COLLECTED DATA
+ + +

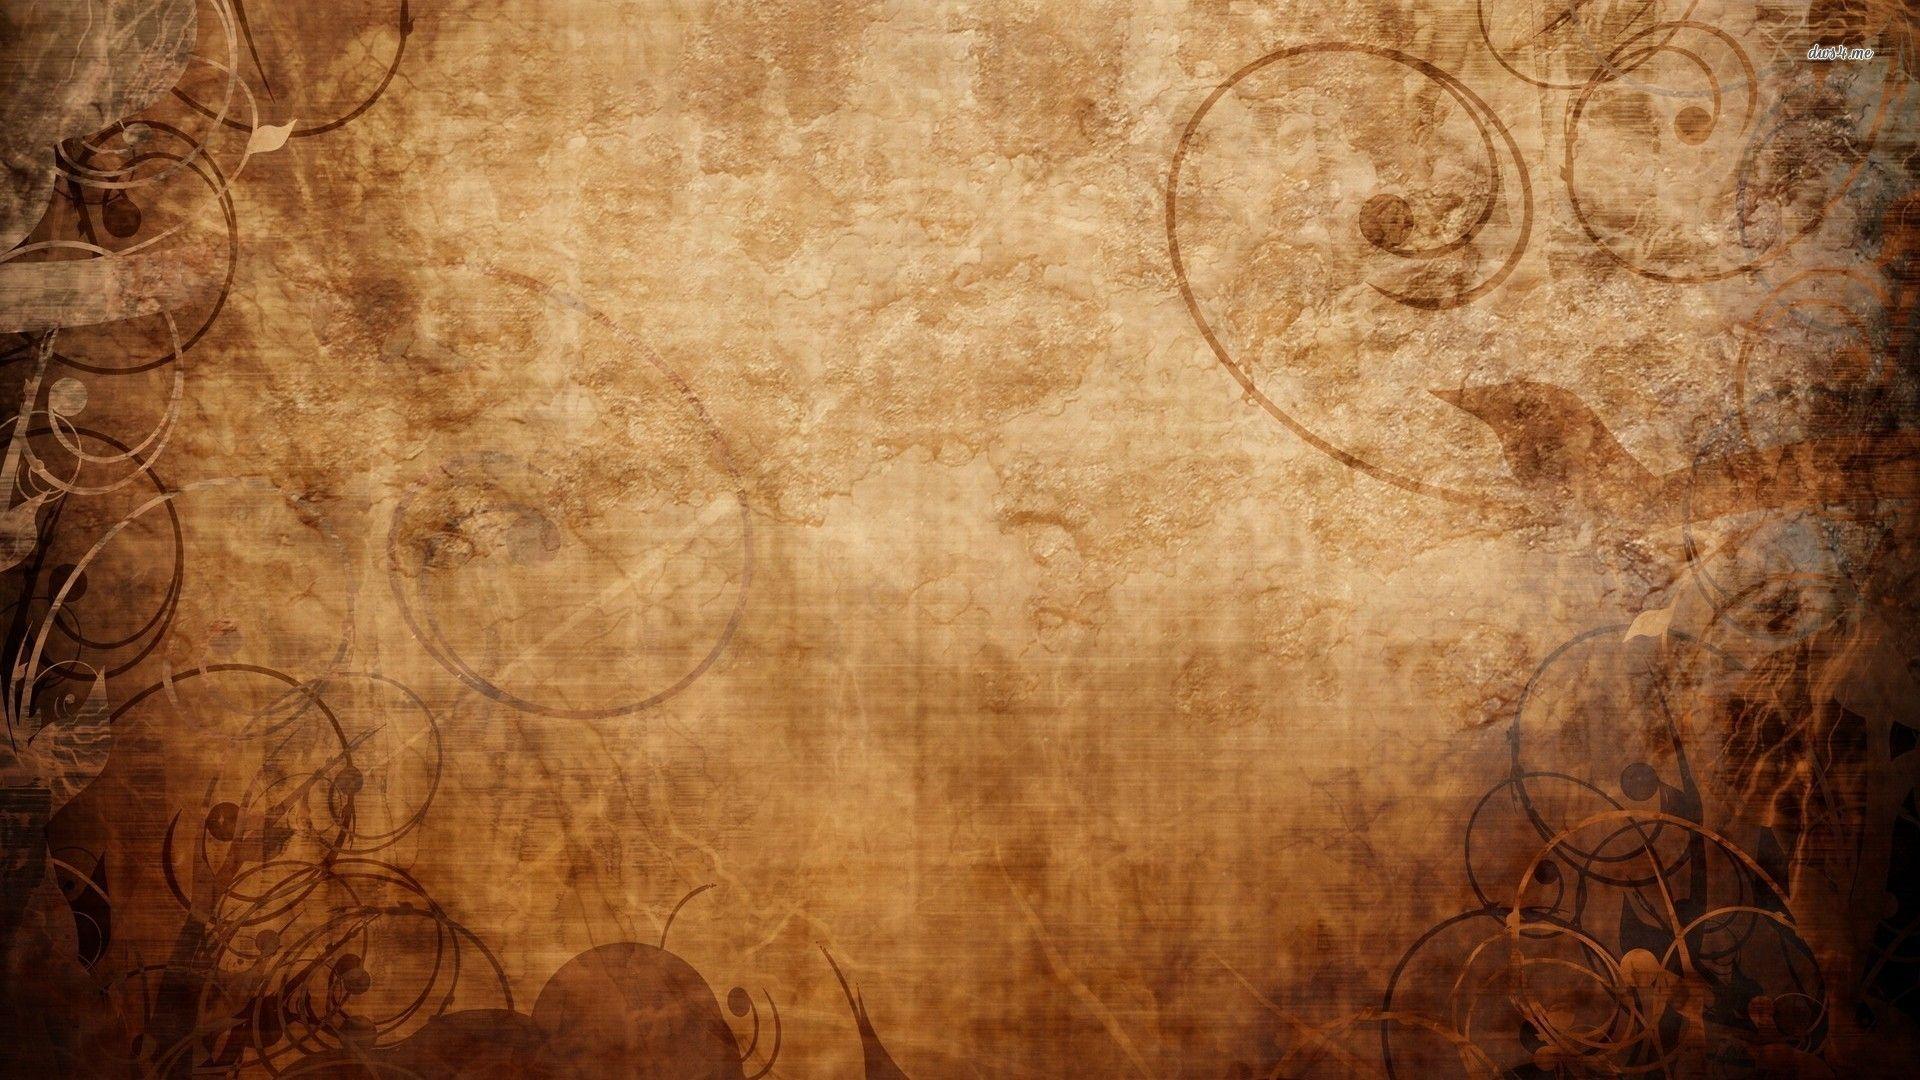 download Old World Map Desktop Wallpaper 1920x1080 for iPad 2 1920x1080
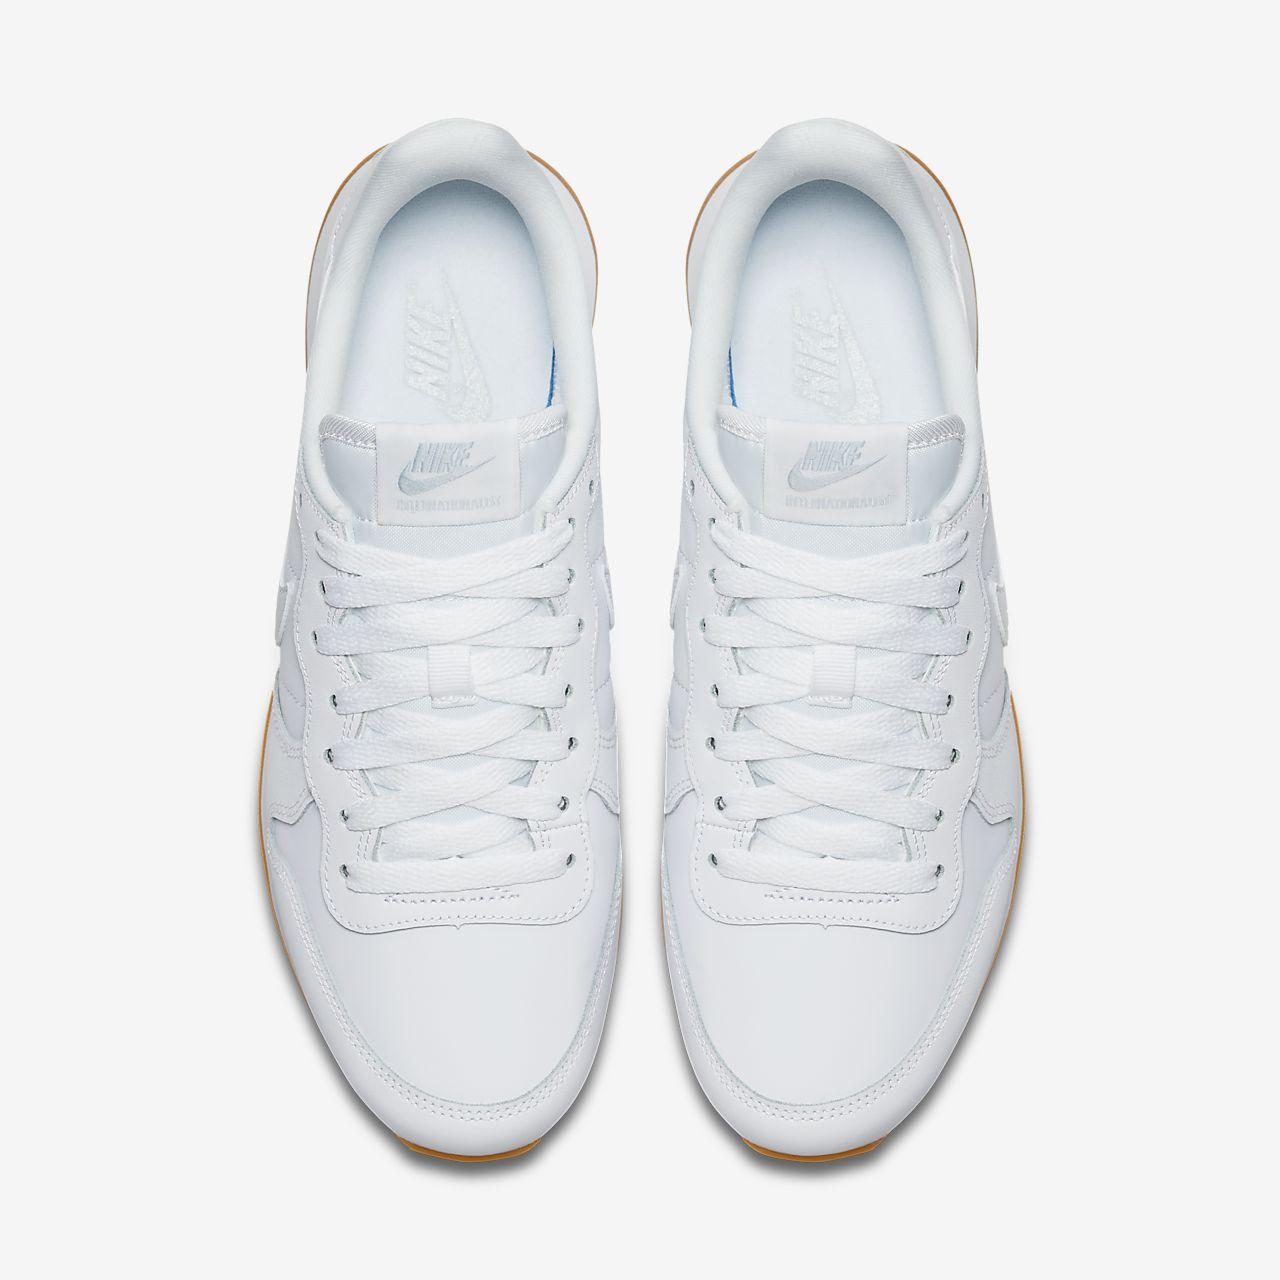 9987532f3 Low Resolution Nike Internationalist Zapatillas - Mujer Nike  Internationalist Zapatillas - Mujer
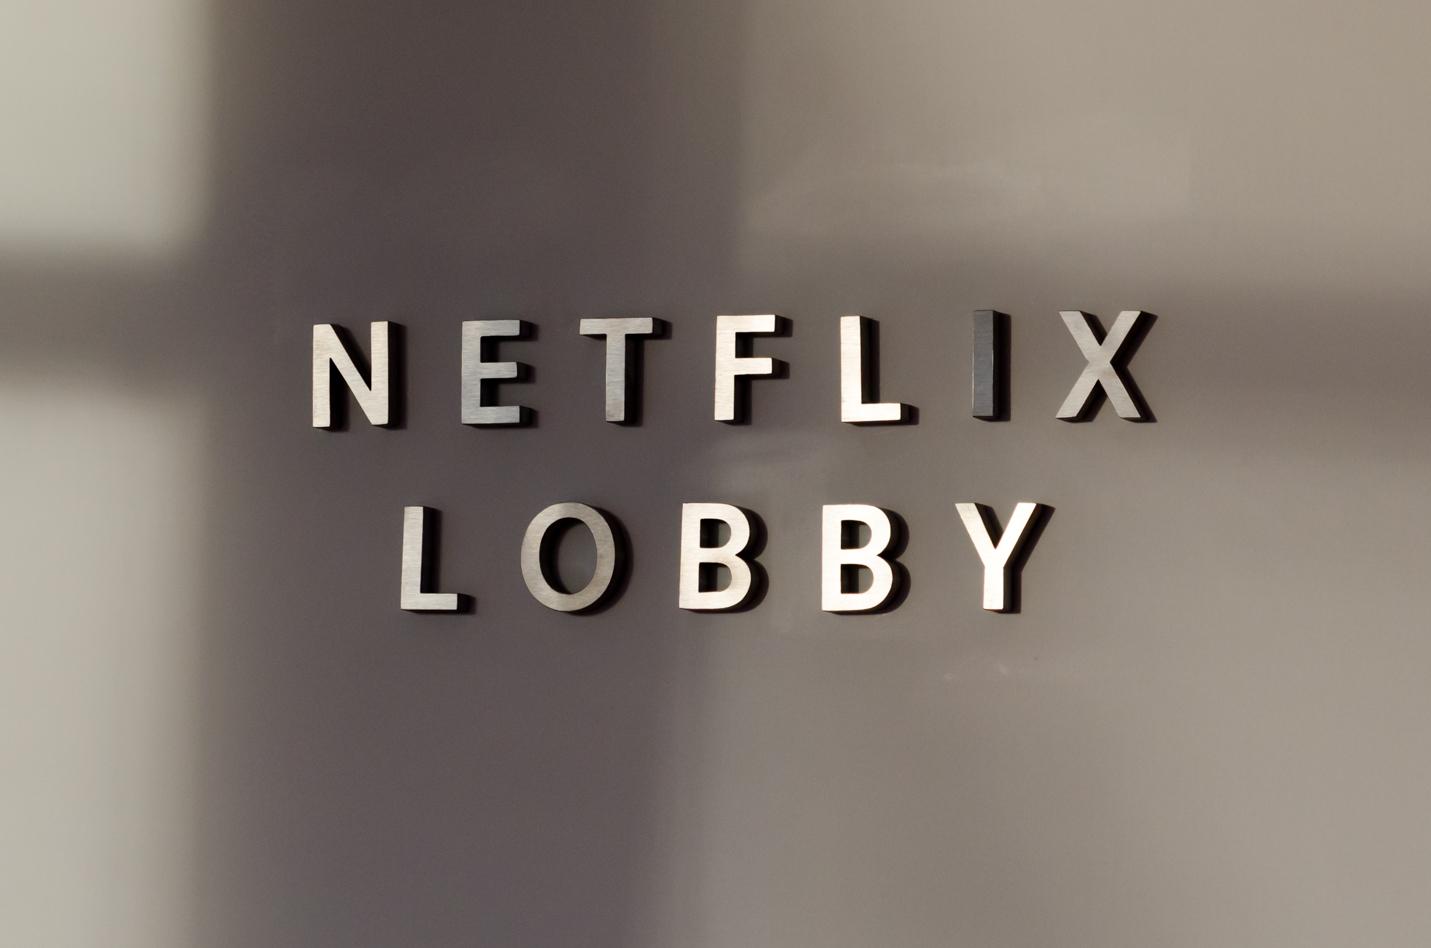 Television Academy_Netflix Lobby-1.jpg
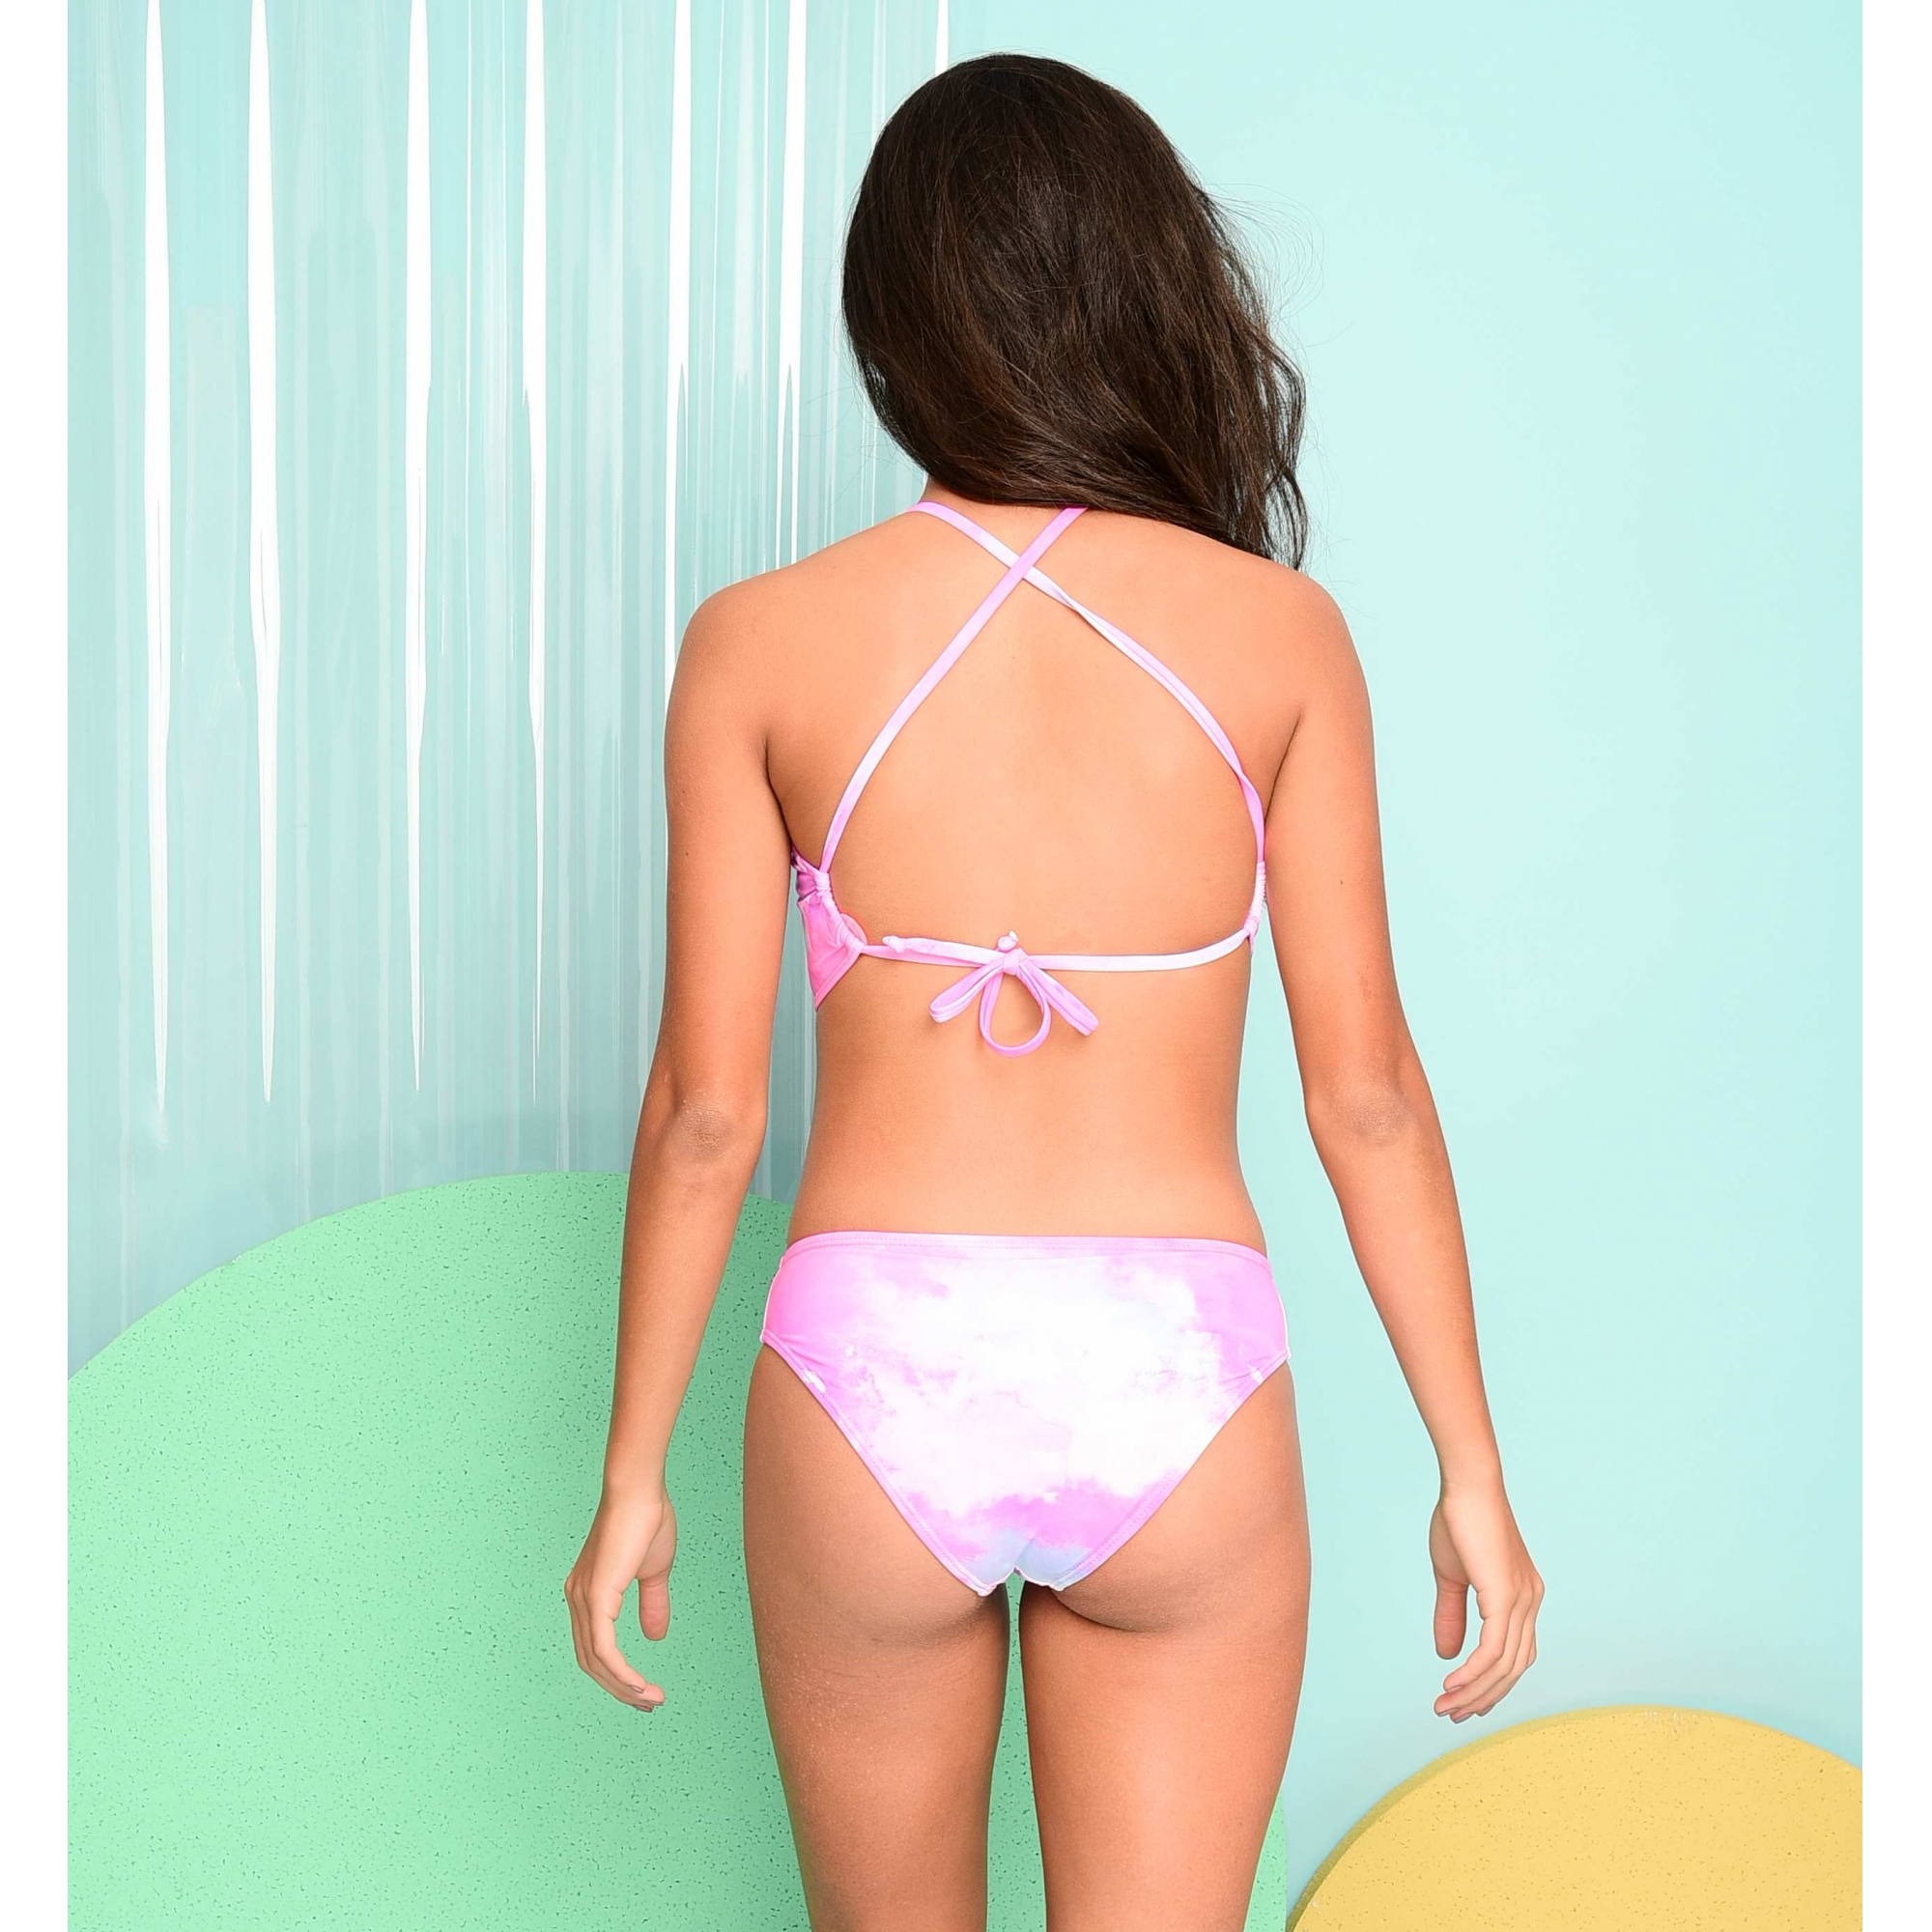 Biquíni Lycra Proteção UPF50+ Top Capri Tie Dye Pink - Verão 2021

+ + +

INSTRUCTIONS TO FOLLOW
All of the data above should be printed again exactly, though none of the pictures belong in the copy.

YOUR SOLUTION
 download Old World Map Desktop Wallpaper 1920x1080 for iPad 2 1920x1080
 9987532f3 Low Resolution Nike Internationalist Zapatillas - Mujer Nike  Internationalist Zapatillas - Mujer
 Television Academy_Netflix Lobby-1.jpg
 Biquíni Lycra Proteção UPF50+ Top Capri Tie Dye Pink - Verão 2021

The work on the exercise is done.